_TRY IT_
The reply should repeat all of the data word for word, with no pictures.

_DATASET CONTENT_
________________________
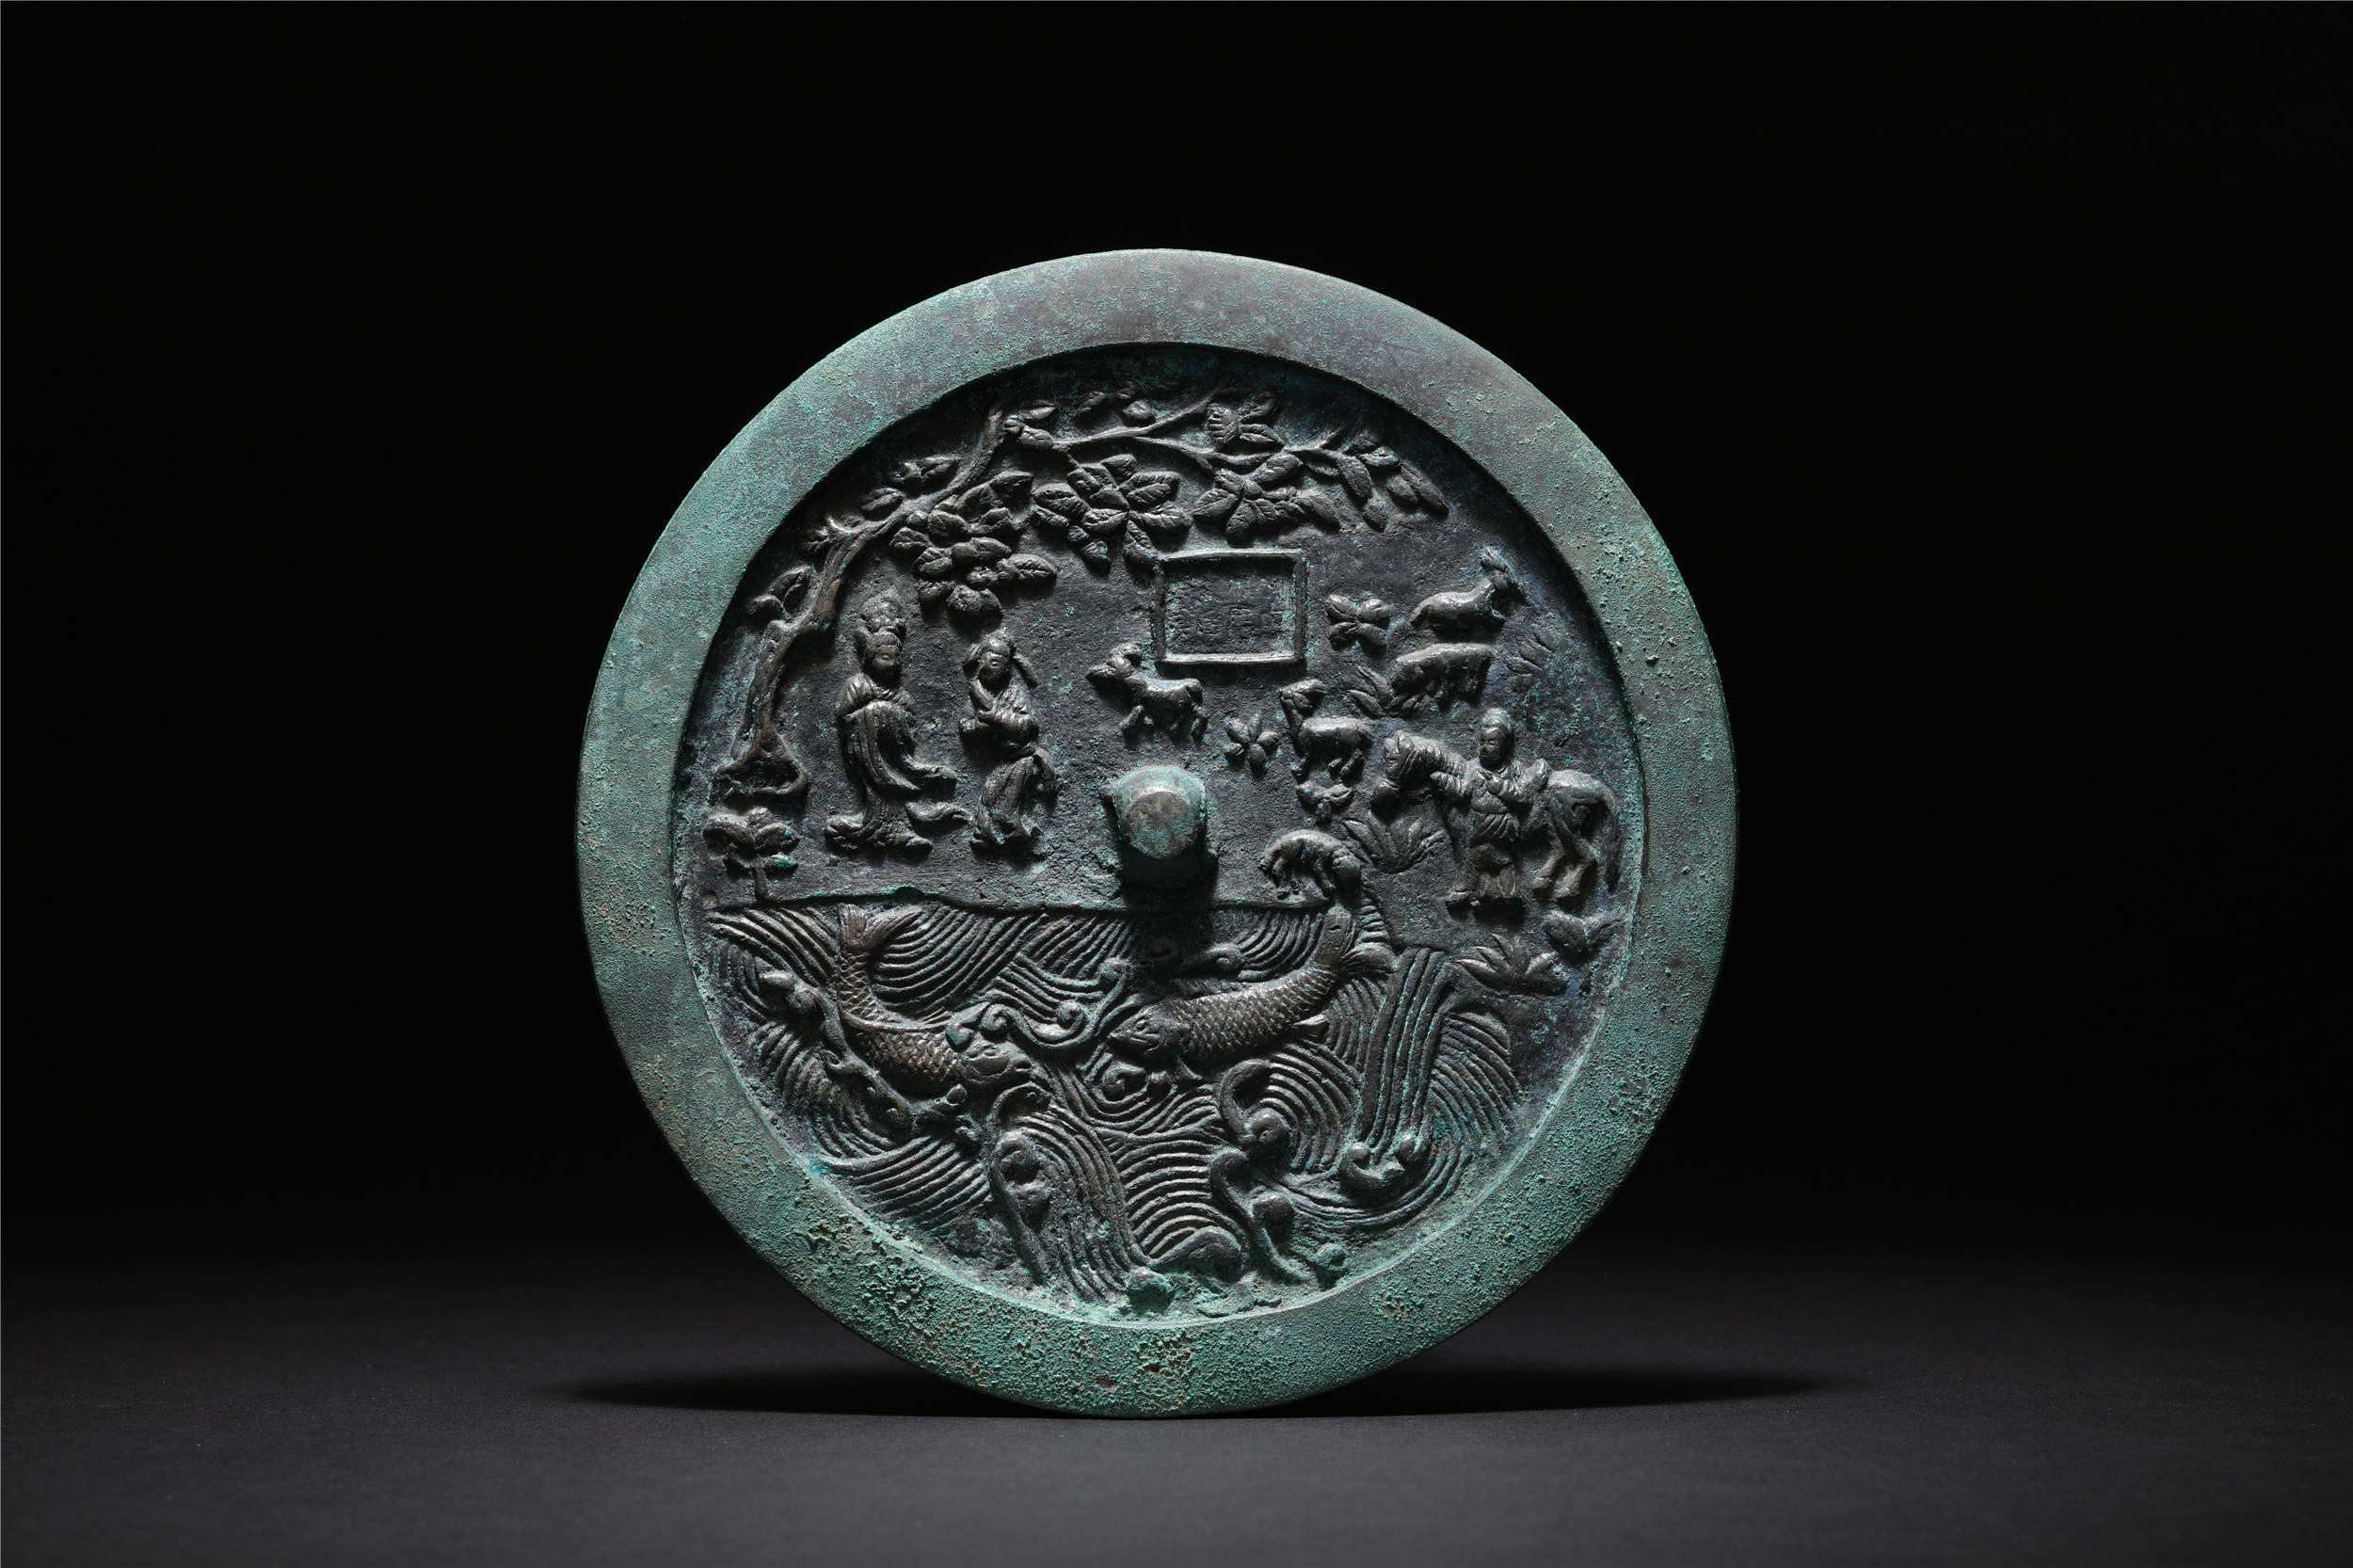 中国古代铜镜专场北京观古国际拍卖有限公司预展信息:2018年12月6日
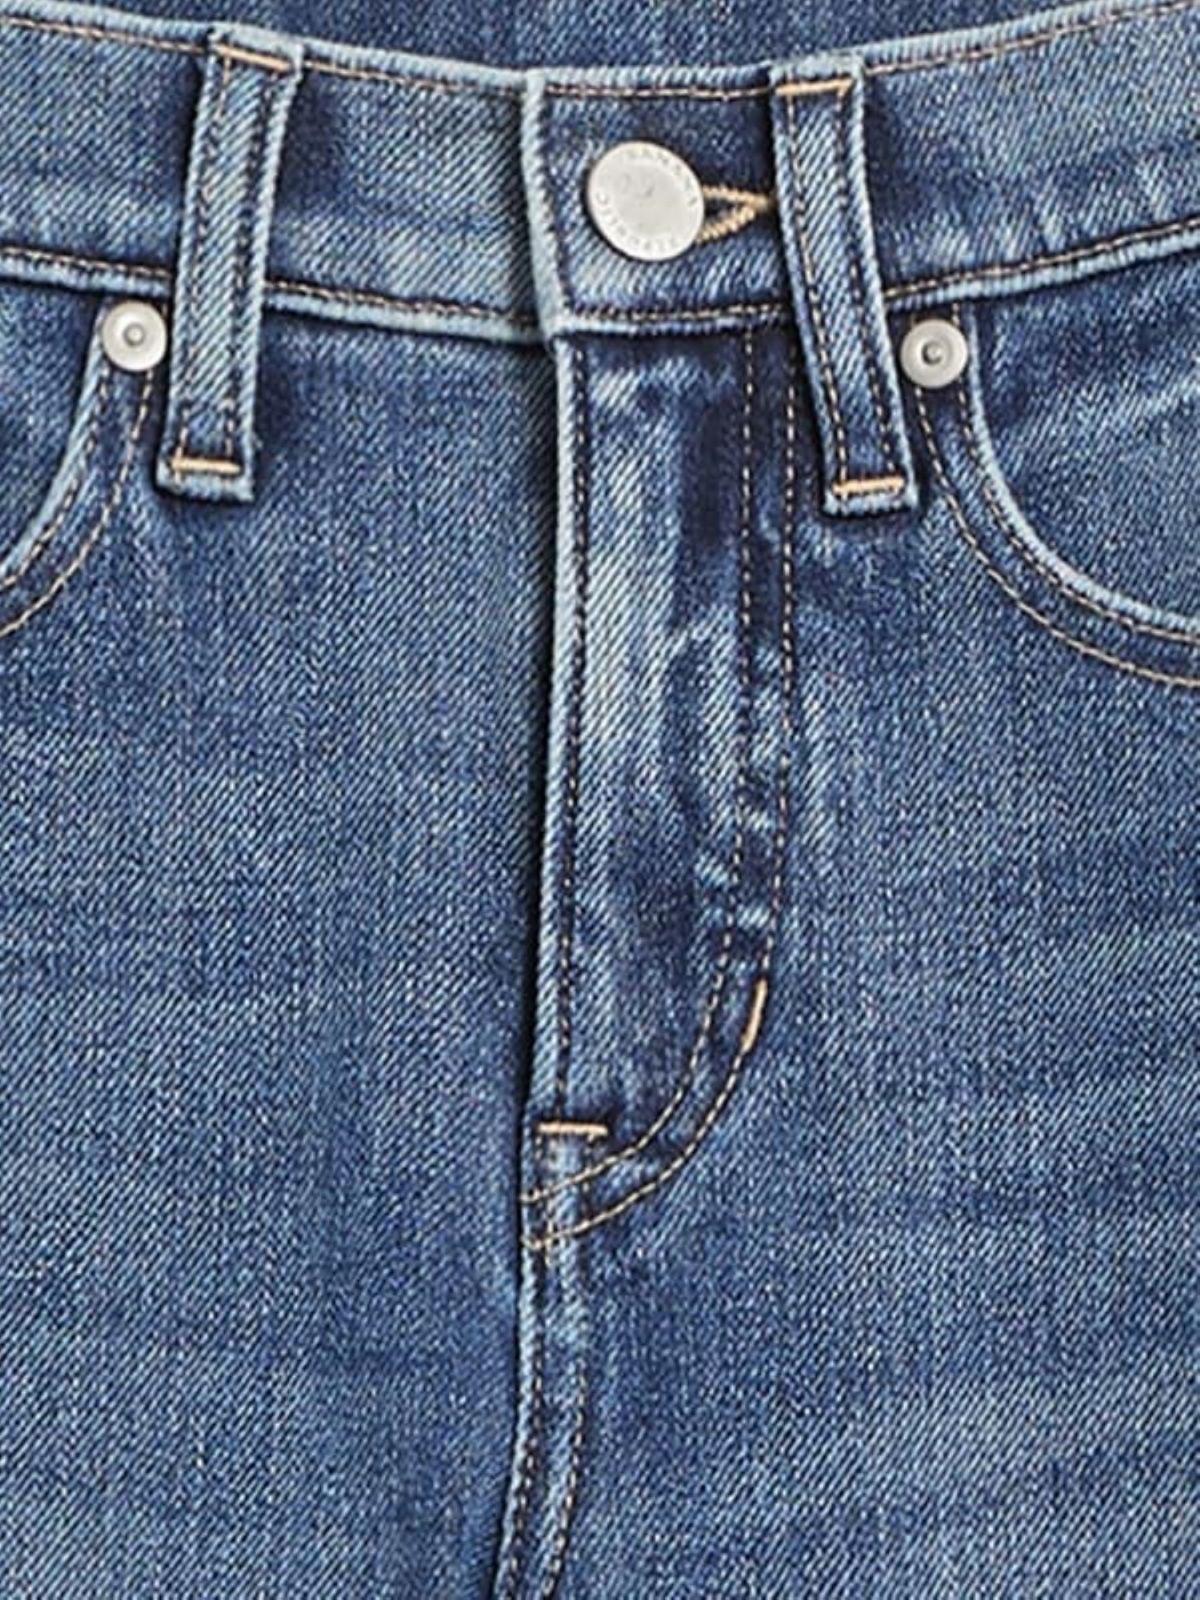  ג'ינס סלים בגזרה גבוהה של BANANA REPUBLIC
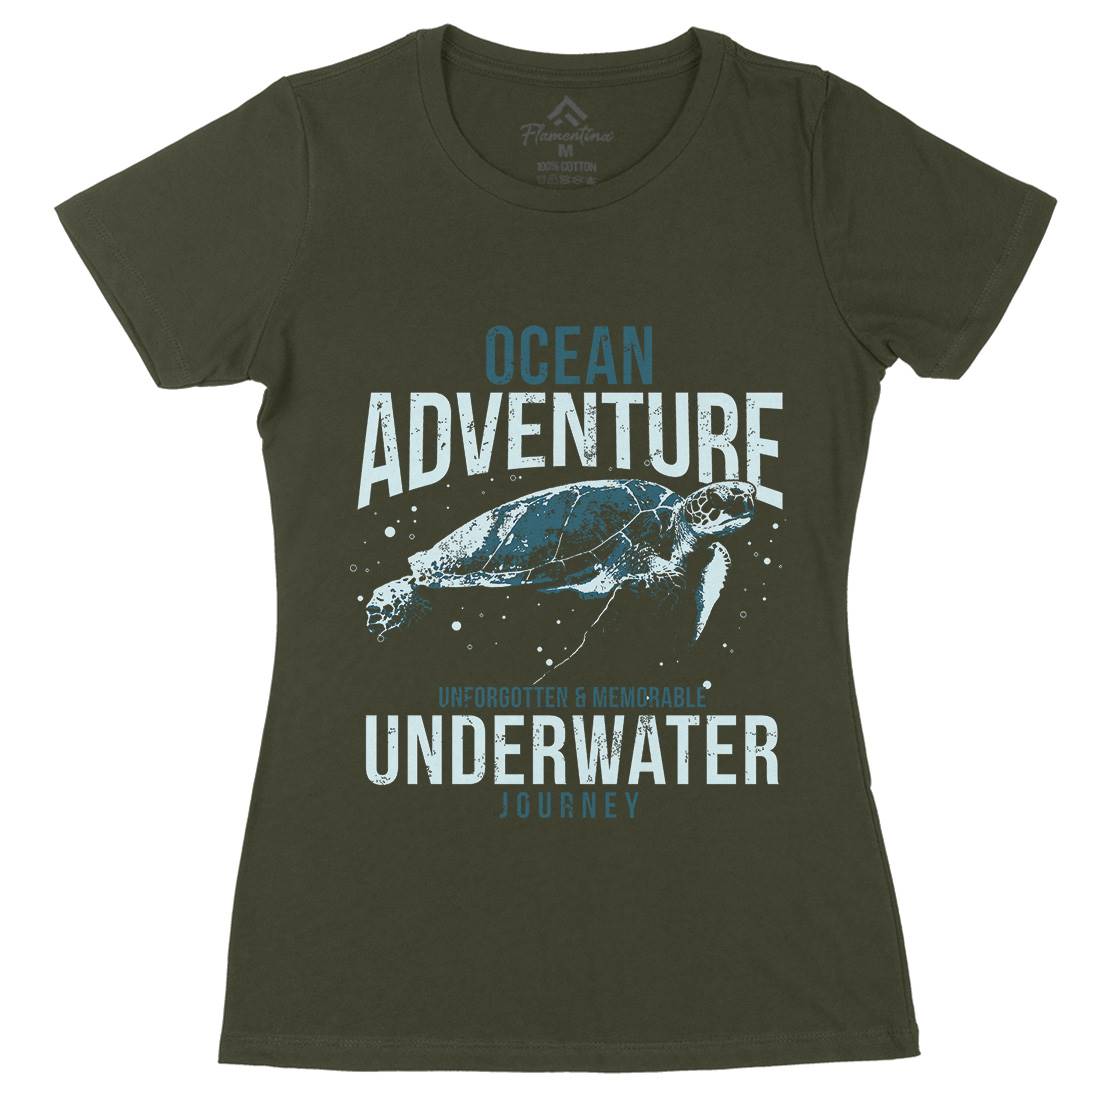 Turtle Journey Womens Organic Crew Neck T-Shirt Animals B772
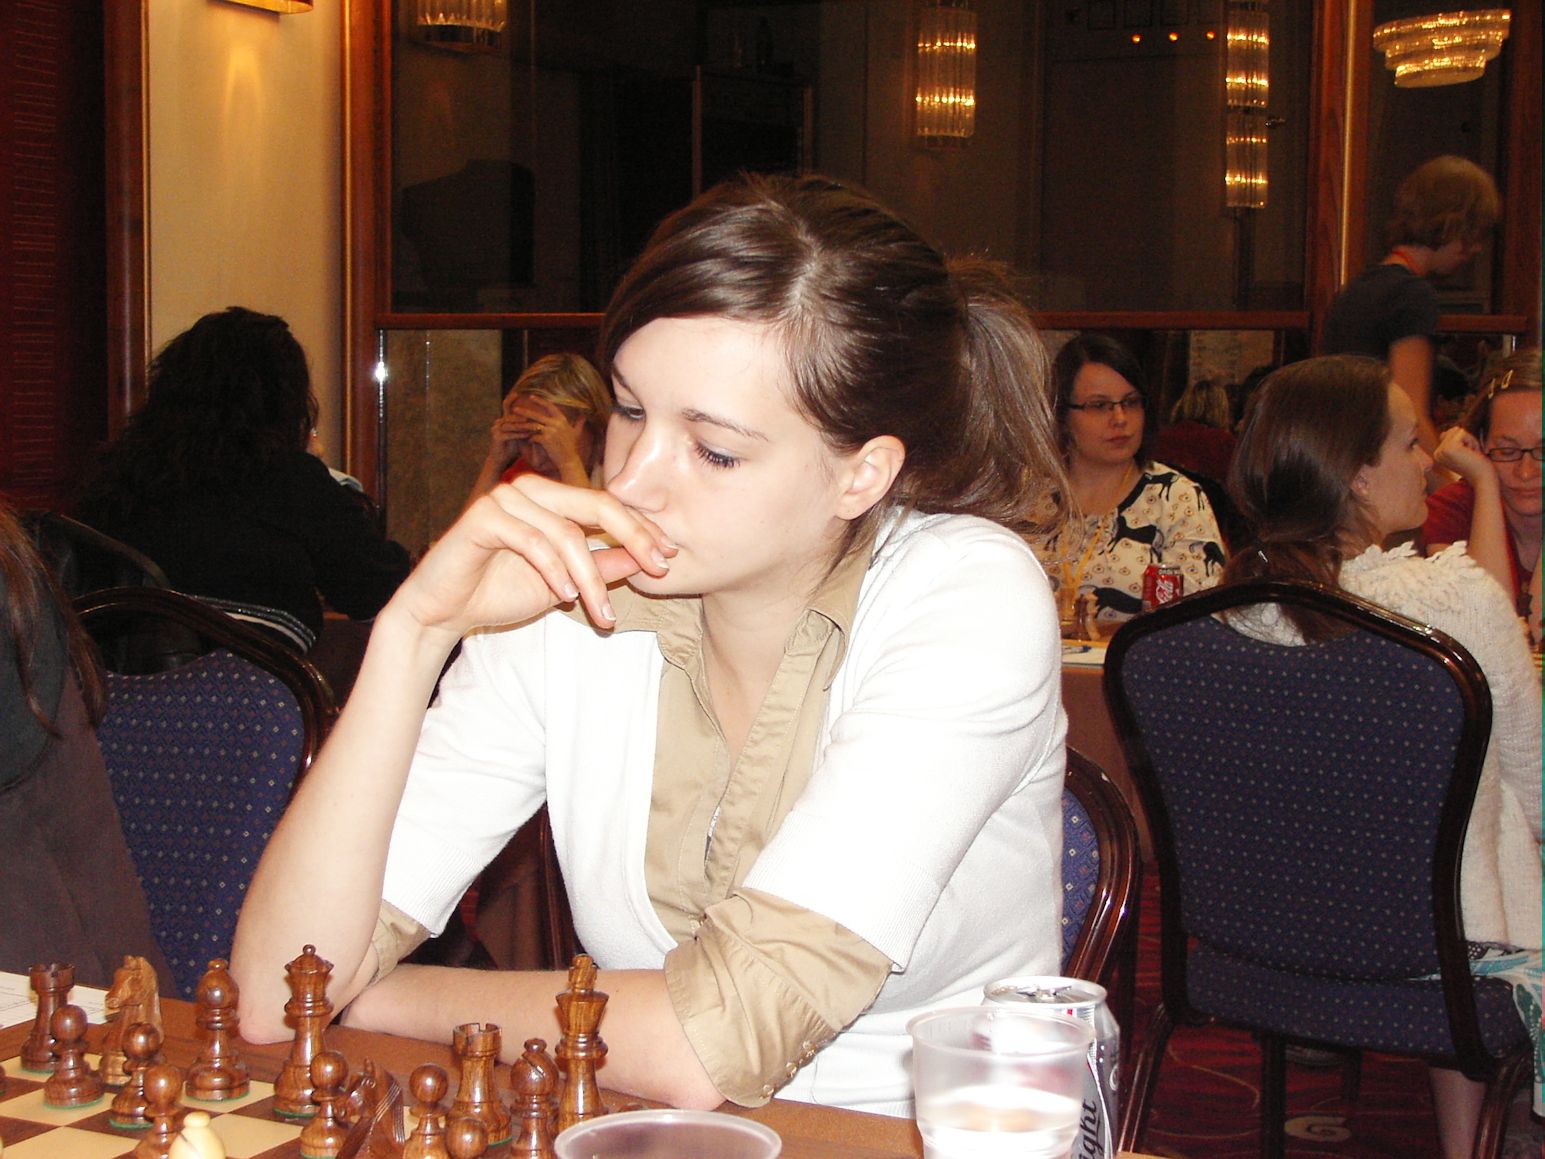 チェス女性棋士 Monika Seps
________________________
_RESULT OF THIS EXERCISE_
 中国古代铜镜专场北京观古国际拍卖有限公司预展信息:2018年12月6日
  ג'ינס סלים בגזרה גבוהה של BANANA REPUBLIC
 Turtle Journey Womens Organic Crew Neck T-Shirt Animals B772
 チェス女性棋士 Monika Seps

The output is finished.